Maple-Roasted Brussels Sprouts and Rutabaga with Hazelnuts
The skin of rutabaga is thick and tough, so you'll want to use a sharp, hefty chef's knife to remove it entirely and later to cut the flesh. The maple glaze tends to caramelize quickly, so be sure to keep an eye on the vegetables during the final stage of roasting.
- Total Time:
- Servings: 5
Photography: Chris Testani
Source: Martha Stewart Living, February 2012
- 1/2 cup pure maple syrup
- 2 1/2 tablespoons extra-virgin olive oil
- 1 tablespoon fresh lemon juice
- Coarse salt and freshly ground black pepper
- 2 pounds rutabaga, skin removed and cut into 1 1/2-inch pieces (5 cups)
- 3/4 pound brussels sprouts, trimmed and halved lengthwise
- 1 ounce toasted hazelnuts, chopped (1/3 cup)
Preheat oven to 400 degrees. Whisk together maple syrup, oil, lemon juice, and 1/4 teaspoon salt in a large bowl. Add rutabaga, and toss.
Transfer rutabaga and all but 2 tablespoons glaze to a rimmed baking sheet (leave remaining glaze in bowl). Spread rutabaga in a single layer, sprinkle with 1/4 teaspoon salt, and roast for 35 minutes, tossing halfway through and making sure rutabaga is spread toward the edges of pan.

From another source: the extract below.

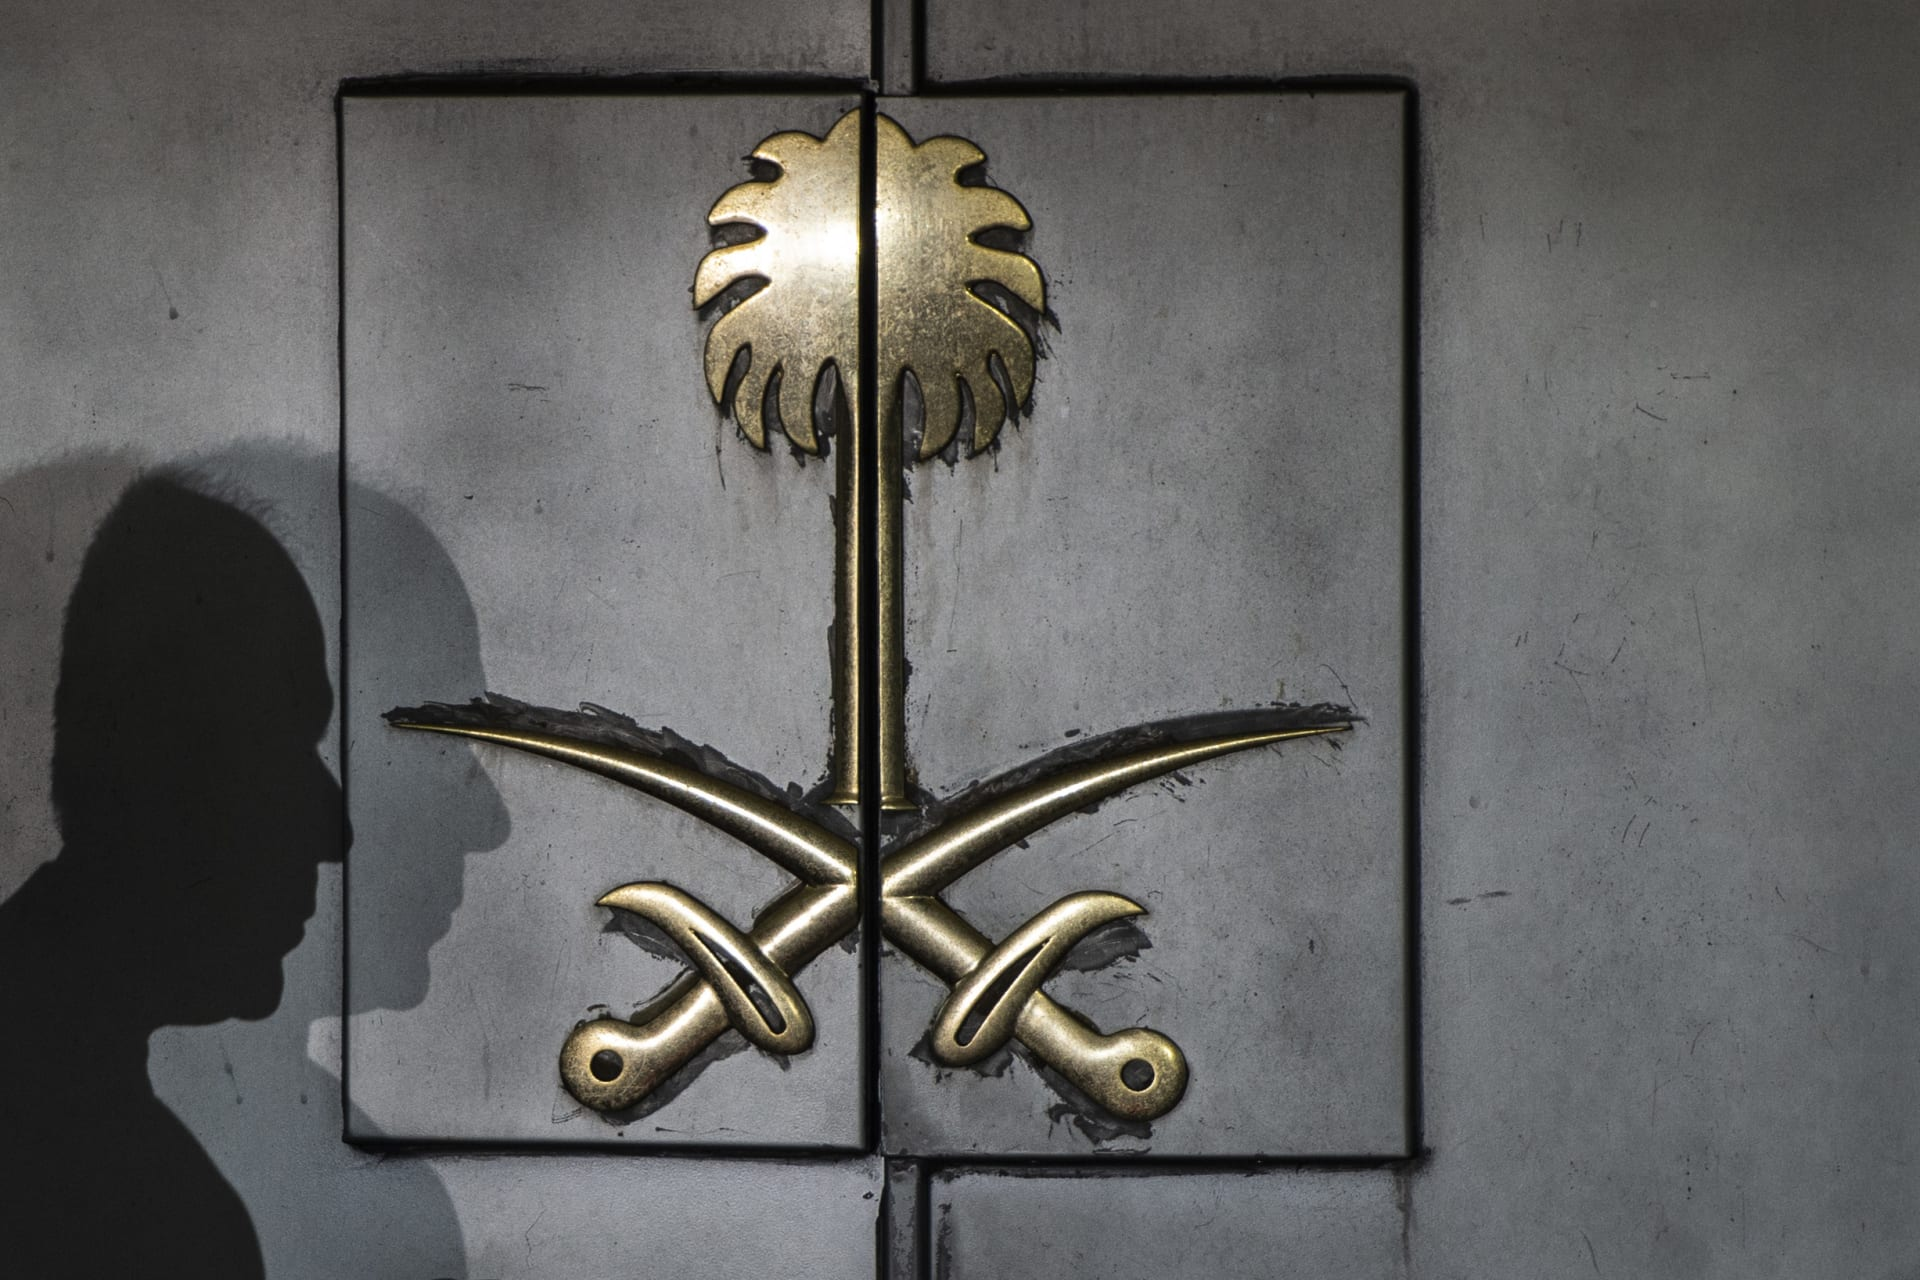 السعودية.. أمن الدولة يُعلن مقتل عبدالرحيم الحويطي أثناء مهام القبض عليه

Raise oven temperature to 450 degrees. Toss brussels sprouts with remaining glaze in bowl and 1/4 teaspoon salt. Remove sheet from oven, and add sprouts. Toss, and spread in a single layer. Roast vegetables, tossing every 5 minutes, until glaze is very thick and vegetables are deep golden brown, about 20 minutes. Season with pepper and sprinkle with hazelnuts.